Créée en 2009 à l’initiative de Catherine Sauvin – petite fille de Léon Bel – et Bernard Hanet, La Maison de La Vache qui rit est bâtie sur le site même où est née la marque en 1921, à Lons-le-Saunier, au cœur du Jura. Elle s’offre aujourd’hui une nouvelle jeunesse.
Depuis son ouverture, La Maison de La Vache qui rit est devenue le lieu de référence de la mémoire de la marque. Elle offre ainsi un regard unique sur l’une des aventures industrielles et marketing françaises les plus impressionnantes du 20e  siècle.

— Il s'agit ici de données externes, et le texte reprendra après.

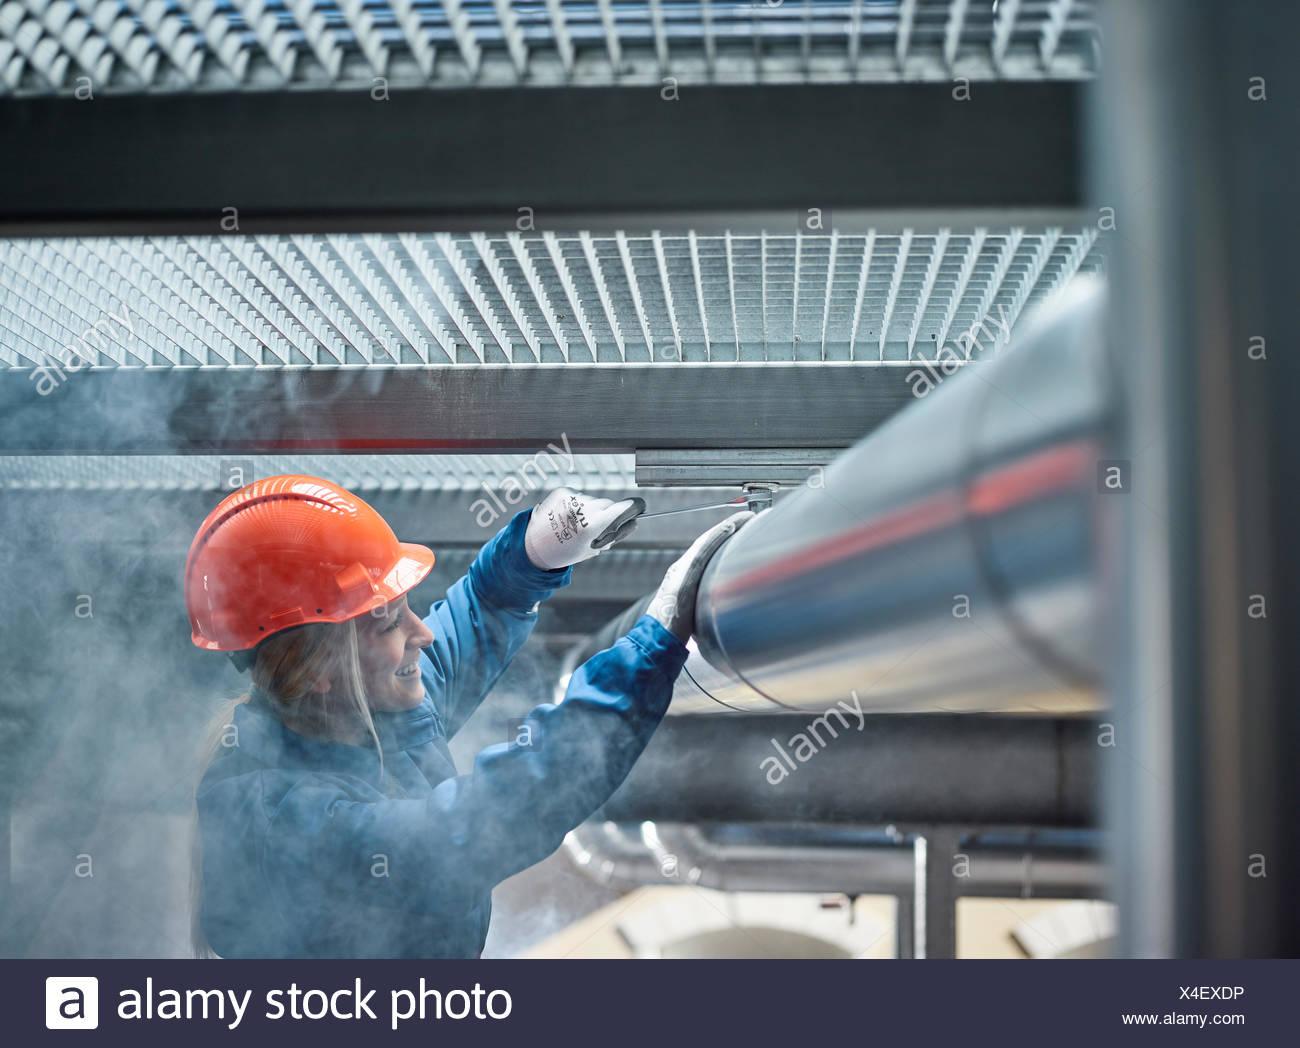 Technicien, mécanicien de casque orange le montage d'un support de conduite de réfrigération, Autriche Photo Stock

Au-delà d’un musée, cette maison est aussi l’espace de réinterprétation des valeurs d’une marque.
Elle incarne donc la même générosité, la même capacité d’échanges et de rencontres. Du premier atelier d’affinage de Jules Bel à la rencontre des nouveaux marchés, la scénographie remonte le temps à travers l’histoire publicitaire et industrielle de La Vache qui rit et du Groupe Bel.

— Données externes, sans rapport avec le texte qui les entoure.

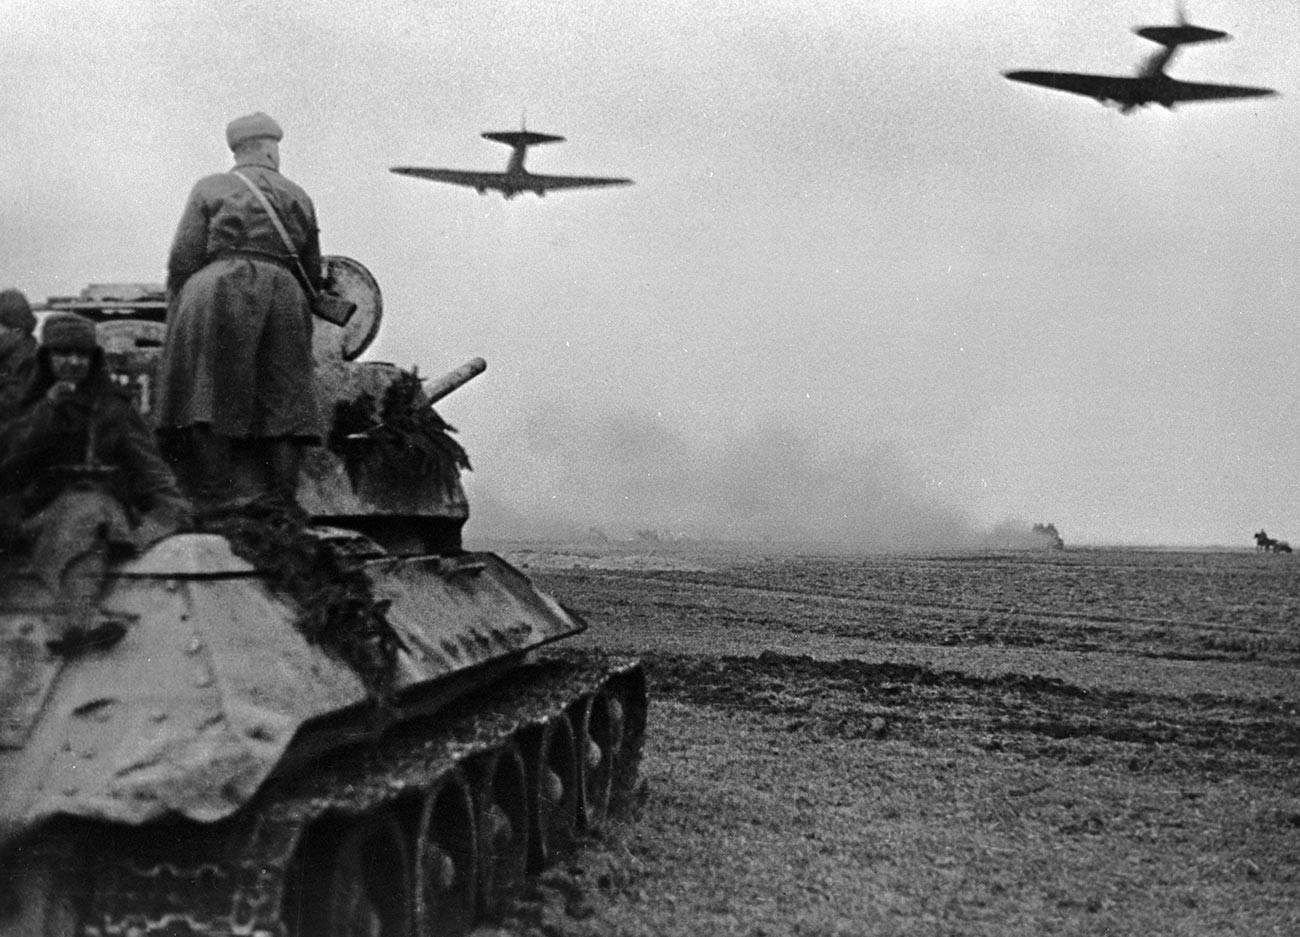 ブレスラウ(現ヴロツワフ)近郊のソビエト軍の攻撃。1945年3月。

Elle s’enrichit de l’évolution et des innovations du Groupe, témoignant ainsi du très grand dynamisme de la marque et des équipes qui la font vivre. Mais la mission de La Maison de La Vache qui rit, à travers sa programmation culturelle et artistique, est aussi de dépasser l’évocation de la marque pour associer ses valeurs à des actions contemporaines, et des évènements décalés. À la manière d’un laboratoire d’idées, elle contribue à donner du sens et une profondeur nouvelle à l’évolution du Groupe Bel, en prise avec des questionnements cruciaux pour l’évolution de notre environnement que sont l’intelligence partagée, le développement durable, et le vivre ensemble.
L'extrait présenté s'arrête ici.